GIVEN INFORMATION:
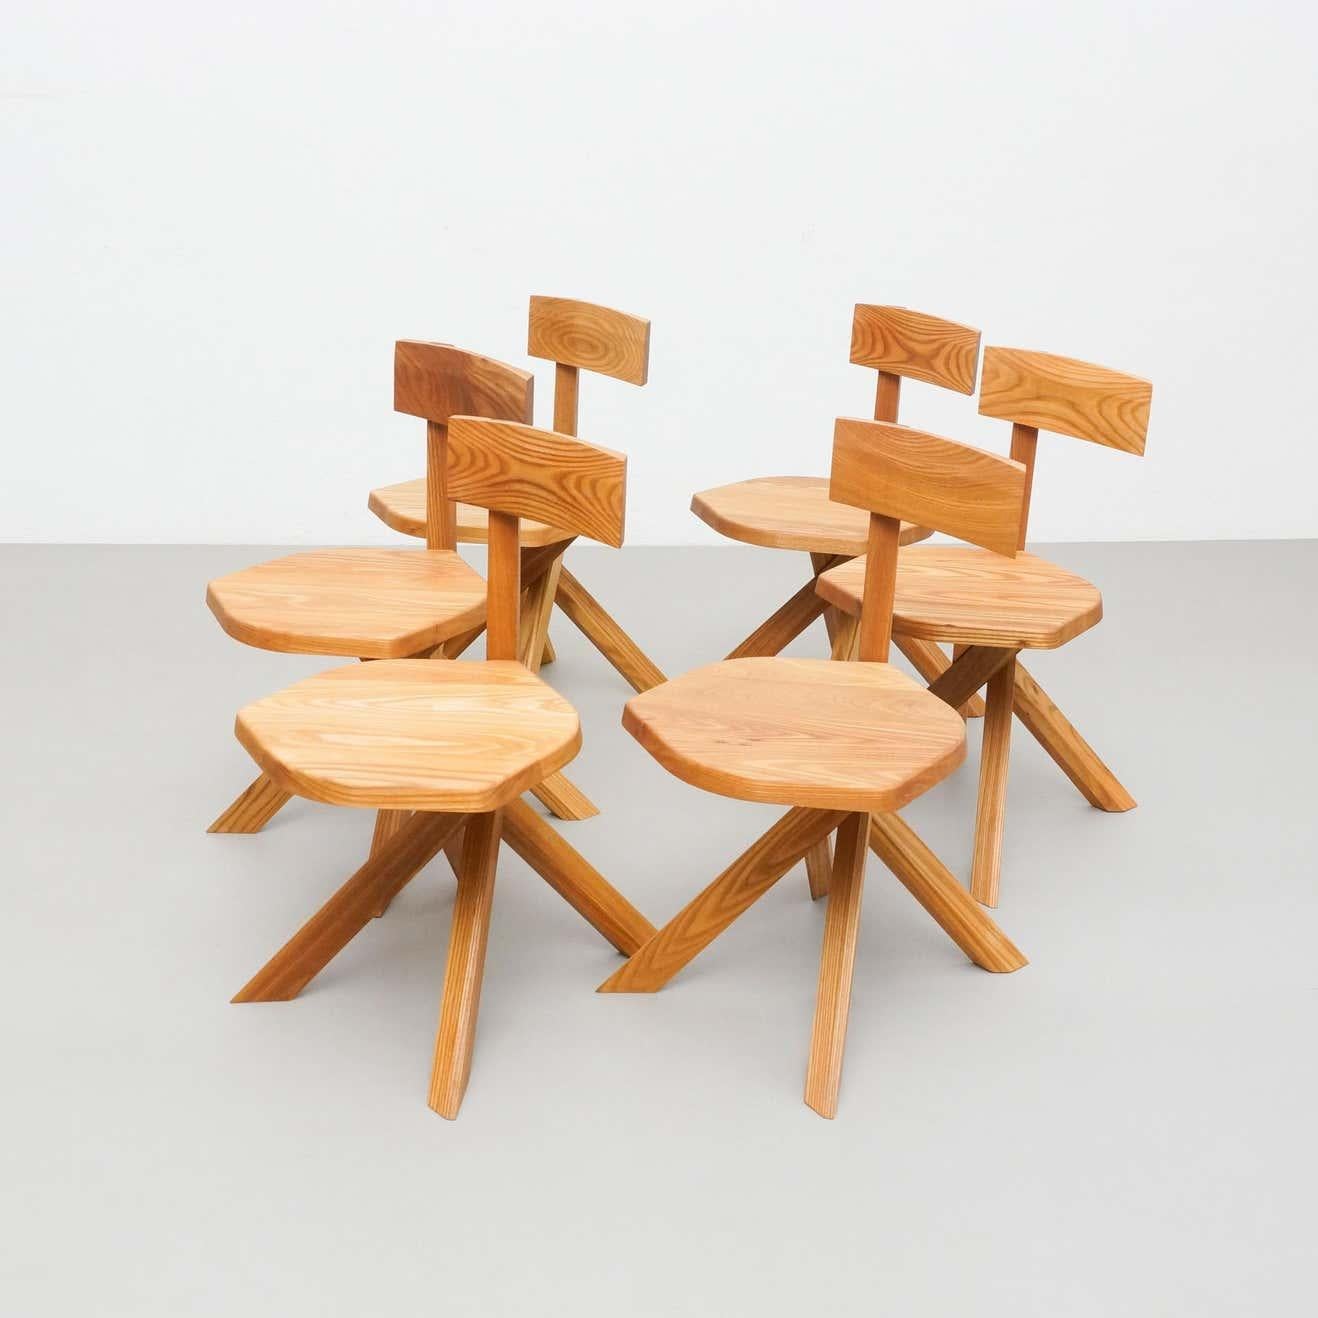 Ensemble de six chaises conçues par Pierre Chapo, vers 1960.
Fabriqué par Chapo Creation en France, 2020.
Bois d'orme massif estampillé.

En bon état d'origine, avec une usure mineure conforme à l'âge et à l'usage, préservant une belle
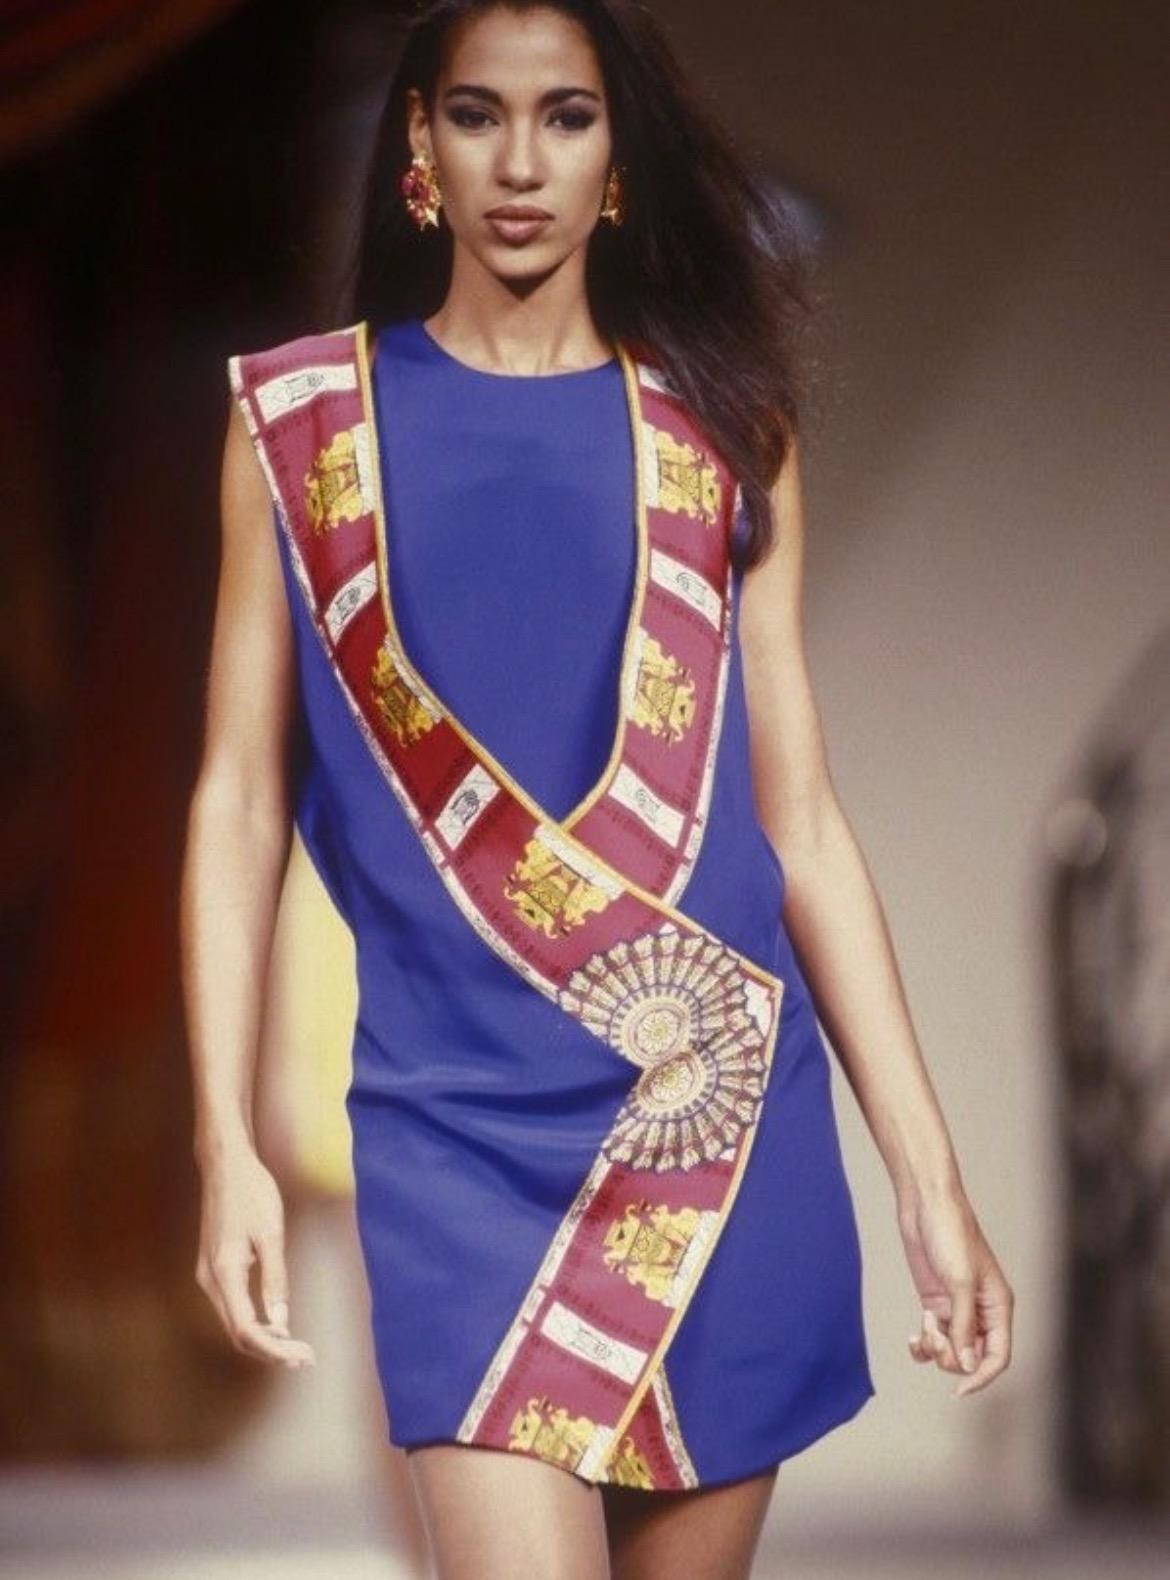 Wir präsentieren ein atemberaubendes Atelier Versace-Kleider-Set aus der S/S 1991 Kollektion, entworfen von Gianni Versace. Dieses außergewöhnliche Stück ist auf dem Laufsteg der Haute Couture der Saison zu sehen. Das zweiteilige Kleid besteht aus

YOUR ASSIGNMENT: The copy you output must match the entries above exactly, except that it has no pictures.

REPLY:
 Ensemble de six chaises conçues par Pierre Chapo, vers 1960.
Fabriqué par Chapo Creation en France, 2020.
Bois d'orme massif estampillé.

En bon état d'origine, avec une usure mineure conforme à l'âge et à l'usage, préservant une belle
 Wir präsentieren ein atemberaubendes Atelier Versace-Kleider-Set aus der S/S 1991 Kollektion, entworfen von Gianni Versace. Dieses außergewöhnliche Stück ist auf dem Laufsteg der Haute Couture der Saison zu sehen. Das zweiteilige Kleid besteht aus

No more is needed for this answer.